Homer Birth and Wellness Center

What is the situation of midwives in Alaska, and do insurances reimburse homebirths or birth center births?

Alaskan Certified Direct Entry Midwives are licensed by the state of Alaska and are governed by a regulatory Board, which sets standards for education, apprenticeship and ongoing review. Except for Tricare and Champus (military), homebirth and birth center births are reimbursed by Insurances, Medicaid and Denali Kid Care.

Do you have physician back up? What if I need a cesarean section or there is a complication?

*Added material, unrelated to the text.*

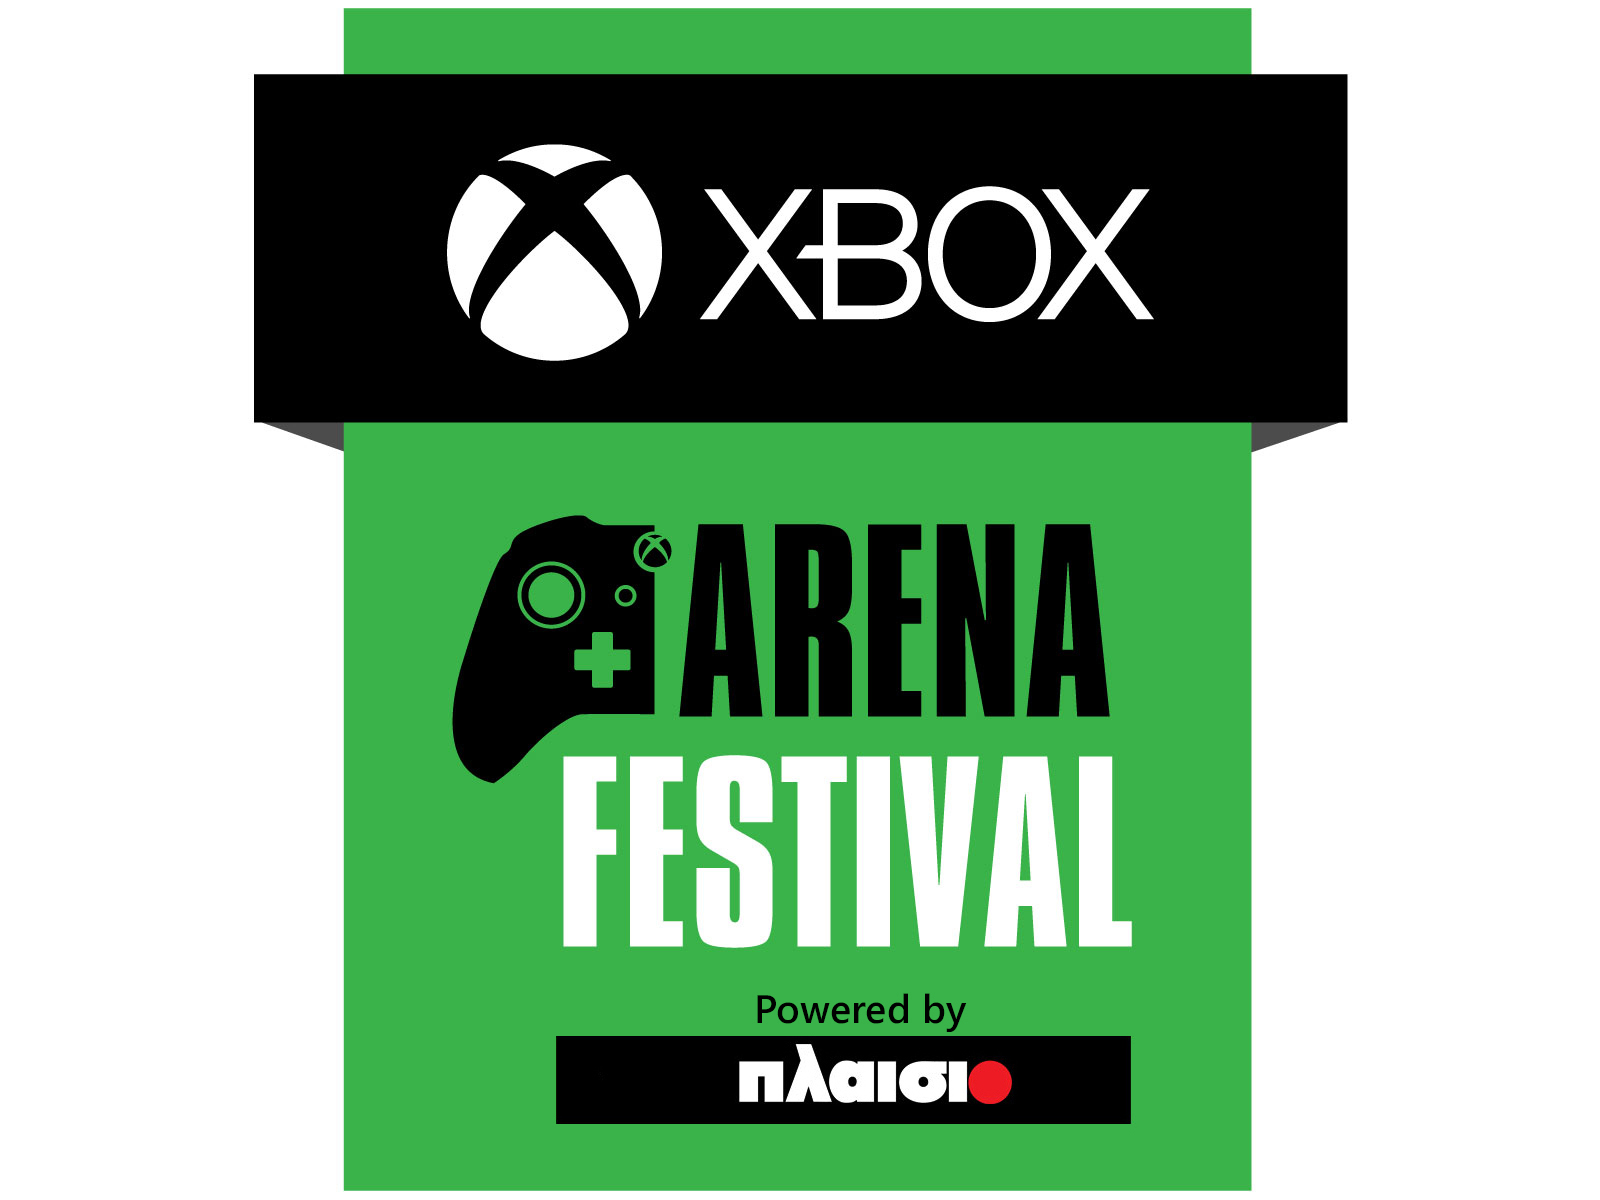 Xbox Arena Festival Logo

Direct Entry Midwives are not required to have formal back up arrangements. We are independent practitioners. Midwives do all of your prenatal care, delivery and postpartum care. However, should the need arise due to some complication, we make arrangements for a doctor to see you. The genuine need for a cesarean delivery is lower, statistically, than you may realize, especially in the population of low risk mothers, who qualify for out of hospital delivery.In rare instances, or if your baby shows signs of fetal distress, you may need hospital assistance, intervention or surgical birth. In this case, your midwives would accompany you to the hospital. Please bear in mind that midwives transport less than 12% of their clients. High risk status is ruled out during prenatal visits. Included in the high-risk category are: twins, breeches (turning the baby to head down may be taken care of by a version, prior to the onset of labor), true diabetes, heart disease, pre-eclampsia (which is a preventable metabolic disorder) and VBAC (vaginal birth after cesarean).

I had pre eclampsia with my first baby. What if I get it again?

Midwives’ preventative approach to this metabolic disorder is through nutritional counseling and prenatal screening. Pre eclampsia is less prevalent in subsequent pregnancies but if you do become high risk, appropriate medical consultation or referral will be arranged. How do midwives handle emergencies? Midwives carry an array of equipment and supplies, such as: two medical oxygen tanks, Infant and adult resuscitation equipment, IV equipment, anti hemorrhagic medications, Delee mucous traps for suctioning the newborn and suturing equipment in case of tears.

This is my first baby.  Am I at risk for a homebirth? What if the baby won't fit through my pelvis?

Many first time mothers choose to have their babies in an out of hospital setting and are not considered at risk. True CPD (Cephalo Pelvic Disproportion) is very rare. No one can tell for sure if a baby can fit through the pelvis until there has been an adequate trial of labor. In the last weeks of pregnancy, a hormone called Relaxin will go to work, softening the joints and ligaments and make the pelvis roomier and Relaxin is released in greater amounts during labor by the laboring woman.

I had severe postpartum hemorrhage at my first delivery. How likely is it to happen again?

Midwives carry anti-hemorrhagic medication and medical oxygen, and are trained to handle emergencies. Prevention and vigilance are the midwives' approach. Postpartum hemorrhage can be prevented with diet rich in iron, fresh vegetables and adequate fluid intake. Many midwives carry herbs and homeopathic remedies for use in pregnancy, labor and delivery. Rushing the delivery of the placenta is another cause of postpartum hemorrhage, and midwives will patiently wait up to one hour for the placenta to deliver, granted there is no other obvious problem. In the hospital I can get an epidural.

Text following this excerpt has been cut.